Neuro-Symbolic Learning for Predictive Process Monitoring via Two-Stage Logic Tensor Networks with Rule Pruning
Summary: arXiv:2603.26944v1 Announce Type: new
Abstract
Predictive modeling on sequential event data is critical for fraud detection and healthcare monitoring. Existing data-driven approaches learn correlations from historical data but fail to incorporate domain-specific sequential constraints and logical rules governing event relationships, limiting accuracy and regulatory compliance. For example, healthcare procedures must follow specific sequences, and financial transactions must adhere to compliance rules.
Introduction
This article presents a neuro-symbolic approach that integrates domain knowledge as differentiable logical constraints using Logic Tensor Networks (LTNs).

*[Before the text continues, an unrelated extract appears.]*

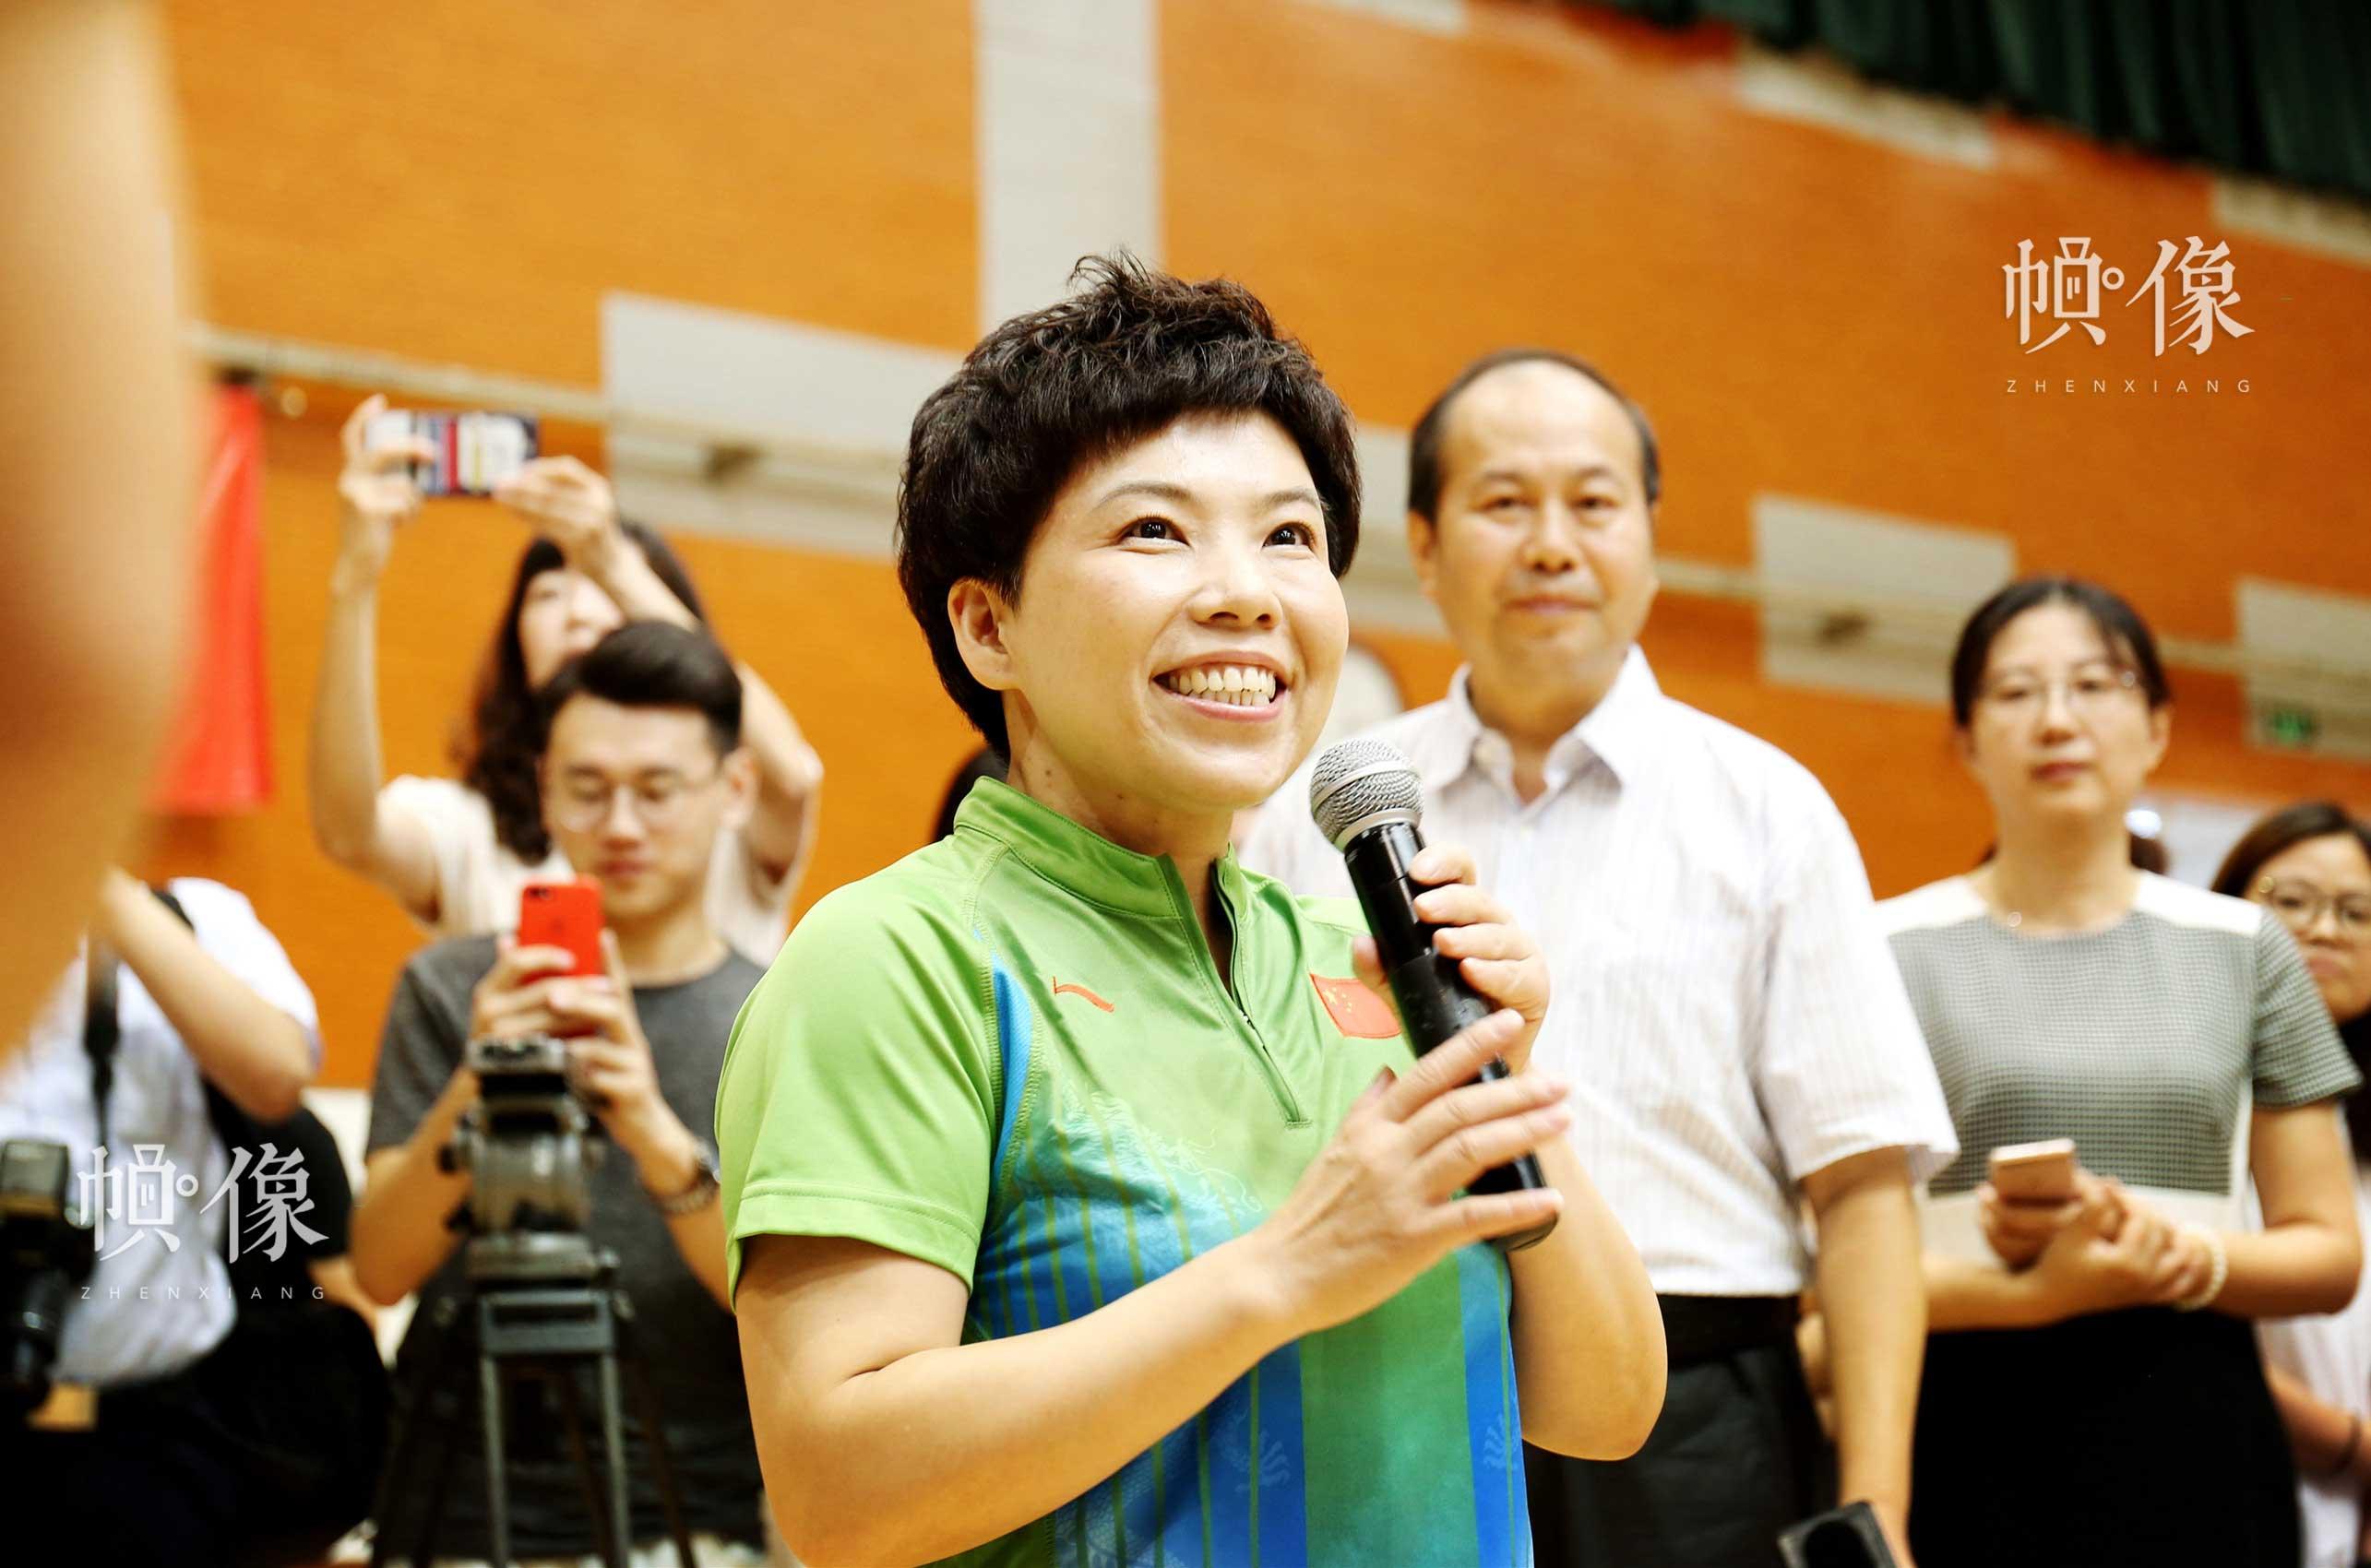 邓亚萍在第七届残疾人健身周推广日活动现场致辞。中国网记者 王梦泽 摄

By formalizing control-flow, temporal, and payload knowledge through Linear Temporal Logic and first-order logic, the method bridges the gap between traditional data-driven models and the necessity for compliance in various sectors.
Key Contributions
- Two-Stage Optimization Strategy: Our approach introduces a two-stage optimization strategy designed to address the common issue faced by Logic Tensor Networks of satisfying logical formulas while sacrificing predictive accuracy.

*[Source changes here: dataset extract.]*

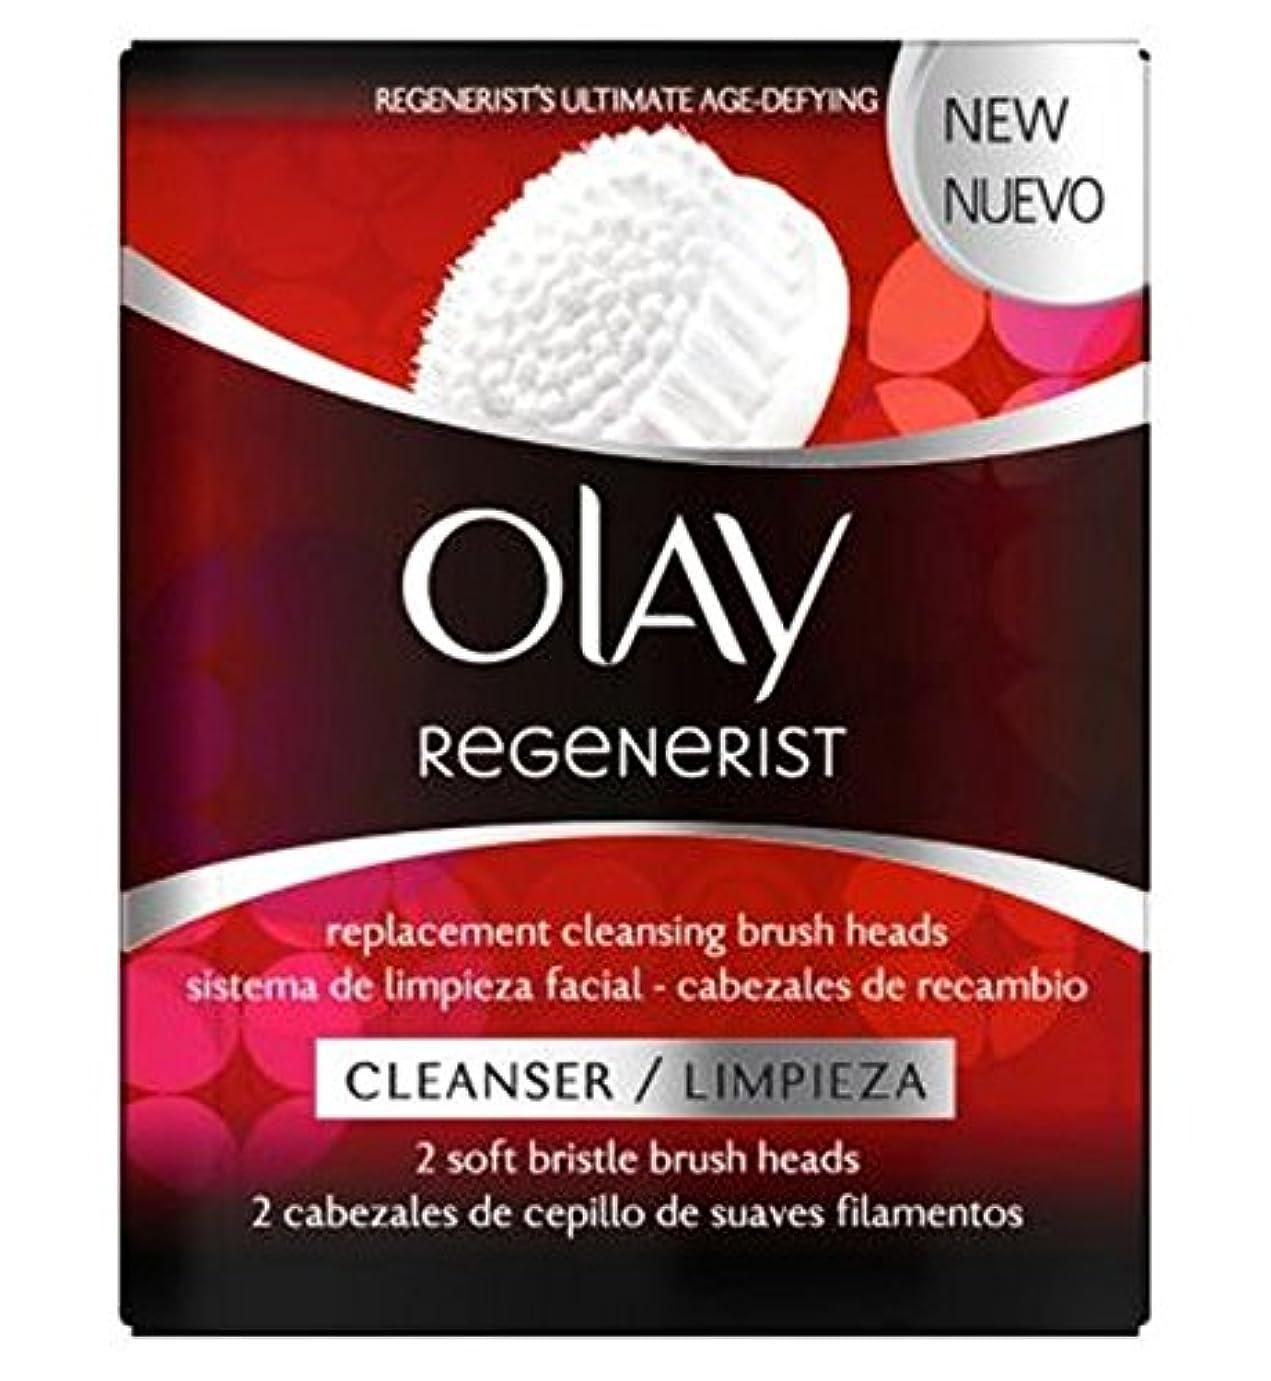 アルカイックどうやらねじれオーレイリジェネ2交換用クレンジングブラシヘッド (Olay) (x2) - Olay Regenerist 2 Replacement Cleansing Brush Heads (Pack of 2) [並行輸入品]

- Weighted Axiom Loss: During pretraining, the model employs a weighted axiom loss that prioritizes learning from the data before enforcing logical constraints.
- Rule Pruning: Following the pretraining phase, a rule pruning technique is applied to retain only those axioms that are consistent and contributive based on satisfaction dynamics, enhancing overall model performance.
Evaluation and Results
We conducted evaluations on four real-world event logs to assess the effectiveness of our proposed method. The results demonstrate that the injection of domain knowledge into predictive models significantly enhances performance. More importantly, the two-stage optimization strategy is crucial, as knowledge without proper optimization can lead to substantial degradation in model performance.
Applications
Our neuro-symbolic approach excels in compliance-constrained scenarios, particularly when there are limited compliant training examples. This makes it particularly useful in fields such as:
- Healthcare: Ensuring that medical procedures adhere to established guidelines and sequences.
- Finance: Maintaining compliance with regulatory frameworks in transaction processing.
- Fraud Detection: Identifying anomalous patterns while respecting domain-specific constraints.
Conclusion
The integration of domain knowledge through our neuro-symbolic approach not only enhances predictive accuracy but also ensures adherence to necessary compliance requirements. As industries continue to navigate the complexities of regulatory frameworks, our method provides a robust solution that balances predictive modeling with the constraints imposed by domain-specific rules.
Future Work
Looking ahead, further research will focus on extending this approach to additional domains and exploring the implications of more complex logical constraints. Additionally, we aim to refine the optimization process to further improve performance outcomes in diverse applications.